Four household names are now flashing oversold signals. McDonald’s (NYSE: MCD | MCD Price Prediction), Microsoft (NASDAQ: MSFT), Procter & Gamble (NYSE: PG), and Walt Disney (NYSE: DIS) have each seen their RSI(14) readings collapse below 30 as of March 24, 2026, signaling extreme selling pressure. The underlying businesses are performing well, yet the stocks have been sold down below their fundamental value.
University of Michigan Consumer Sentiment sits at just 55.5, weighing on the consumer-facing category, while retail sales remain near 12-month highs at $733.5 billion, suggesting macro fear is outpacing economic reality. Retirement-focused investors who accumulate quality on weakness may want to consider these four names.
4. Microsoft
Microsoft serves hundreds of millions of consumers through Windows, Xbox, and Microsoft 365, and its selloff has been the most dramatic of the group. The stock is trading near $375, down 22.8% year-to-date and well below its 52-week high of $555.45. The RSI has fallen to 28.4. The fundamentals remain intact: Q2 FY2026 EPS of $4.14 beat estimates by 7.57%, Azure grew 39% year-over-year, and 54 of 57 analysts rate the stock at Buy or Strong Buy, with a consensus target of $591.60. Our model puts the predicted price at $498.23, implying 32.2% upside from current levels, with a bull case of $601.71. The price action reflects macro anxiety around AI capex spending rather than any deterioration in the business.
3. Procter & Gamble
Shares are near $143, down 12.7% over the past month and 12.5% over the past year, an unusually sharp decline for one of the market’s most consistent Dividend Kings. The RSI has dropped to 29.6, collapsing from an overbought reading of 72.9 on February 24 in roughly four weeks. Pressure stems from a ~$400 million after-tax tariff headwind, modest margin compression, and a new CEO transition, concerns arguably already reflected in a stock trading near its 52-week low of $137.62. Q2 FY2026 EPS of $1.88 beat estimates, and the company plans around $10 billion in dividends and $5 billion in buybacks for FY2026. The analyst consensus target is $168.00, and our model sees $159.69, or 11.1% upside from here.
2. McDonald’s
McDonald’s has pulled back sharply after a strong earnings-driven rally earlier this year. Shares trade near $309, down 7.2% over one month and below the 50-day moving average of $321.23. The RSI has fallen to 29.88, its fourth consecutive day below 30, after peaking at 74.5 on February 27. The business tells a different story: Q4 FY2025 global comparable sales rose 5.7%, U.S. comps accelerated to 6.8%, the loyalty program now generates about $37 billion in annual sales with 210 million active users, and full-year free cash flow reached $7.186 billion, up 7.7% year-over-year.

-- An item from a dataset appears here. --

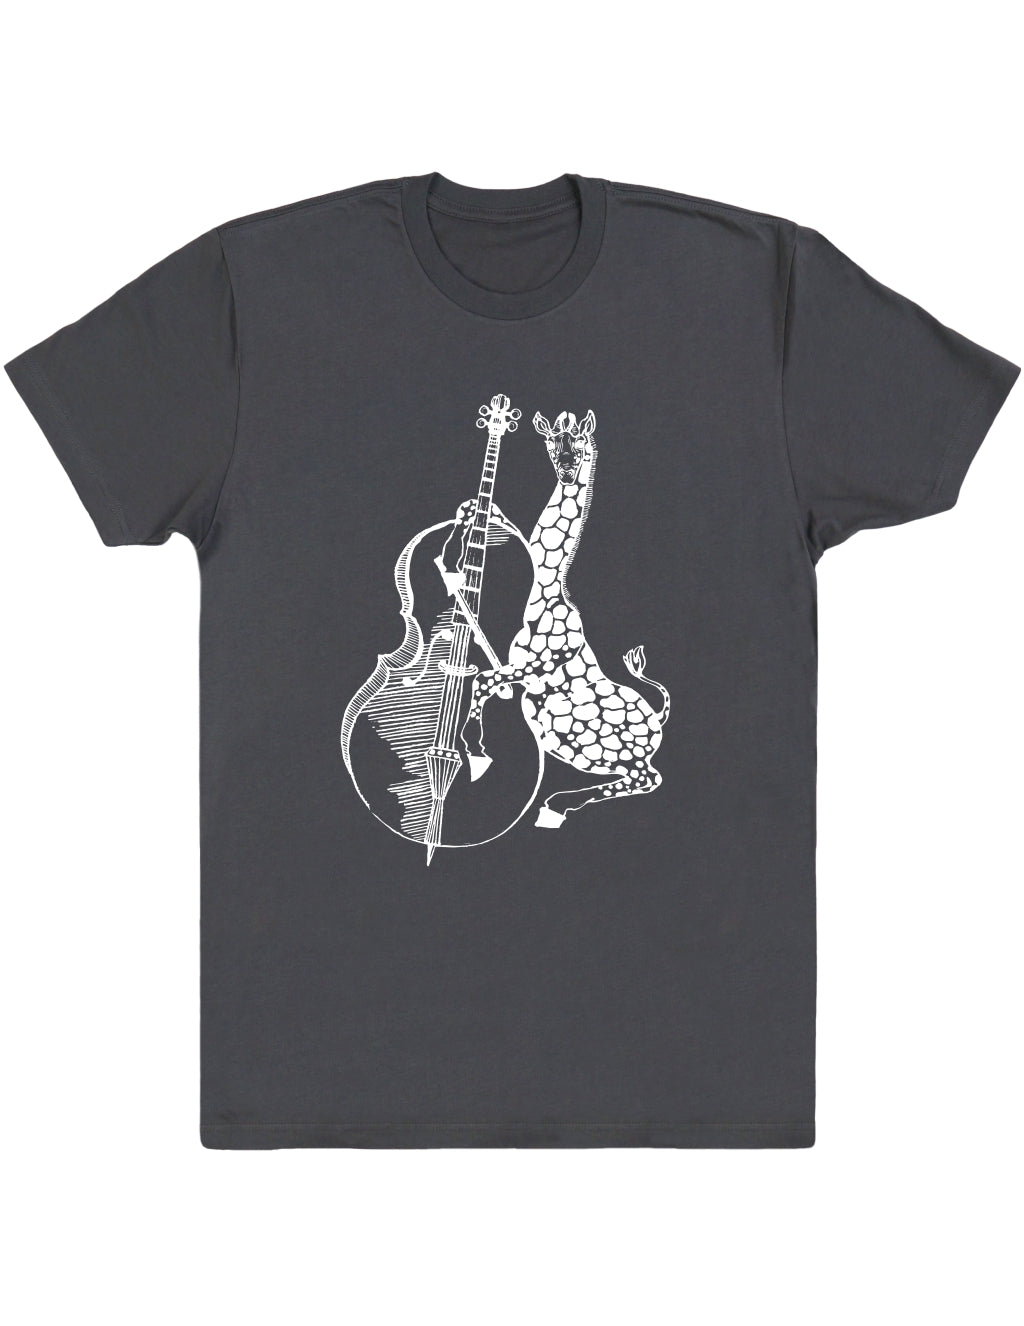 SEEMBO Giraffe Playing Cello Men's Cotton T-Shirt

The analyst consensus target is $345.21, and our model points to $343.02, representing 10.6% upside, with a five-year target of $451.18.
1. Walt Disney
Disney presents the most compelling oversold case of the four. Shares have fallen to $95.18, down 16.1% year-to-date and 9.1% over the past month, well below the 52-week high of $124.69 and trading under both the 50-day moving average of $106.51 and the 200-day of $112.46. The RSI sits at 29.74. Q1 FY2026 results were strong: EPS of $1.63 beat estimates by 3.44%, the Experiences segment posted record revenue of $10.006B, and streaming profitability continued its trajectory with SVOD operating income up +72% year-over-year to $450 million. The Q1 free cash flow was temporarily negative due to accelerated tax payments, a one-time item separate from the underlying business performance. Management guided for double-digit adjusted EPS growth in FY2026 and $7 billion in share repurchases. The trailing P/E of 14x is modest for a company of this scale, and 26 of 31 analysts rate it Buy or Strong Buy with a consensus target of $129.40. Our model sees $116.75, representing 20.6% upside, with a bull case of $133.09 and a five-year target of $172.34.
Four Names, One Theme
Across Disney, McDonald’s, Microsoft, and Procter & Gamble, the pattern is consistent: RSI readings below 30, prices well off recent highs, and fundamentals that have held up through the selloff. Consumer sentiment is suppressed, but actual retail spending remains resilient. Disney leads the group on predicted upside, but all four carry Buy ratings and the brand durability that retirement-focused investors tend to value most.